Be sure to raise lights if growth spurts happen...water heavy when leavN


----------



## trillions of atoms

Im goin to be beggining my growing season again soon but im goin away a couple times this summer ( a week at a time ) ... how long do u think it will take without out water for these plants 2 die. (PLEASE EXPERIENCED GROWERS ONLY


i know who this is......


----------



## brookside302

im growing outdoor tho... so hopefully it'll rain at some point but im just wonderin if it dont if theres a good chance ill come back and it be completely dead


----------



## Ekoostik_Hookah

Dude, just use the aqua rocks....and mix that with your soil.

 Or go ghetto, and buy a bunch of spounges....chop them up into little pieces.....then mix with your soil.
  water the crap out of them B4 you leave.....they should be fine till you get back.

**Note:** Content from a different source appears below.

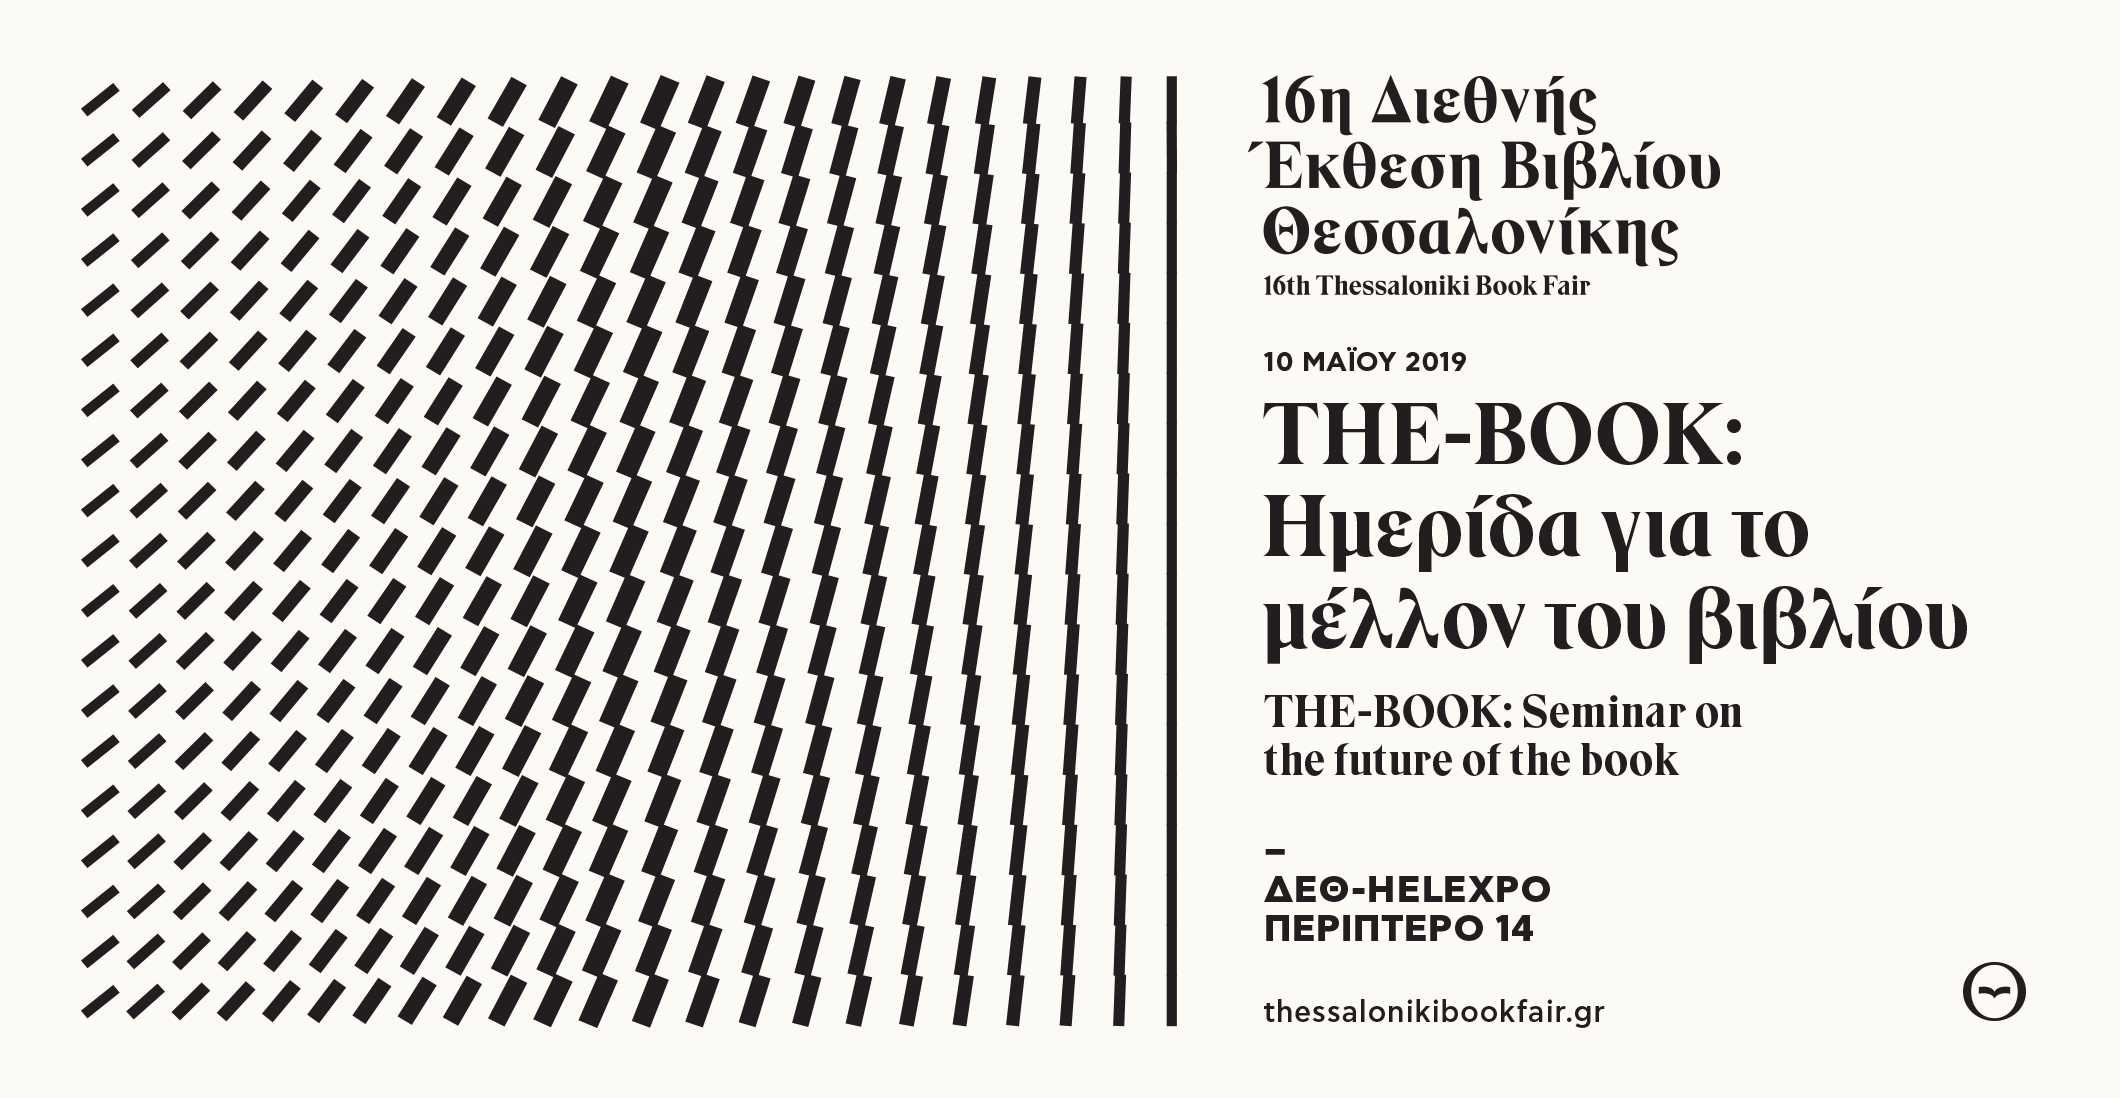 “The-Book: Ημερίδα για το μέλλον του βιβλίου” στη 16η Διεθνή Έκθεση Βιβλίου Θεσσαλονίκης

good luck bro.....i thought you meant outdoor btw..


----------



## bigbudsbruddah

I left mine for 8 days once just watered the heck out of it the 2 days before i left. When i got back they had grown into my lights but the plants were in great shape considering. The link to the journal in in my sig. It should be the top link of my older grows. Good Luck.


----------



## Wise Man

How old are your plants?

Whats the soil there in like? Did you mulch?

Try putting thick bark peices around the stem,keep evaporation to a low.


----------



## brookside302

truthfully there not growing yet but im planning ahead...  but i do like the mulch or bark ideas


----------



## fishcabo

The water cystals work great.  It used to be called p4.  We always incorporated them into our remote crops as bears loved to chew on our drip lines.  Many times it was three weeks in between visits and the p4 saved us more than once.


----------



## Cole

I some times go 5-6-7 days without watering and my girls look great


----------



## smokybear

If they are well established outside, you will have no problems with them. If they are less than 3-4 weeks old when you have to leave, you may want to cover up the soil around the plants with the bark or mulch. I have heard of many people chopping up sponges and mixing that with the soil and it does work. They will hold water. For an outdoor plant to go a week without water is nothing. They should be just fine as long as their established before you have to go. Good luck and take care my friend.


----------



## Dubbaman

If your doing them outdoor you wont have to worry much IMO. so long as you water them well before you go they will be fine the root system will do its job and hunt for water sourses in the ground.


----------



## mars

i did soil outside plant grew much taller but bugs ate lot of leaves during flower forgot all about the plants that whole week maybe longer hapen to go to my shed and remewbered hey my plant they wont grow to much without water but they will still live and when you give it water continue to grow just like lants outside just need more attention nutes for hydro long as theres water reaching bottom of the roots they will keep drinking never recomend that always kee your level full water every 1 to 2 days


----------



## bombbudpuffa

> im growing outdoor


A week is nothing if they are outdoors. They will be alive when you return. It gets close to 100 degrees here in the summer and I could go over a week without watering outdoor plants easily.


----------



## bznuts

they dont need as much wa-wa as you might think


----------



## toddypotseed

if the planting hole is high in organic matter like almost decomposed trees(real crumbily when handled) or leaves or dead grasses it will be ok, but a week is nothing like stated before


----------



## cool87

rig a water bottle of some sort to send a steady drip, as well as water the hell outta em...

My reigon hasn't been bad for rain so far, 1-2 times a week....

Wish you luck with the same


----------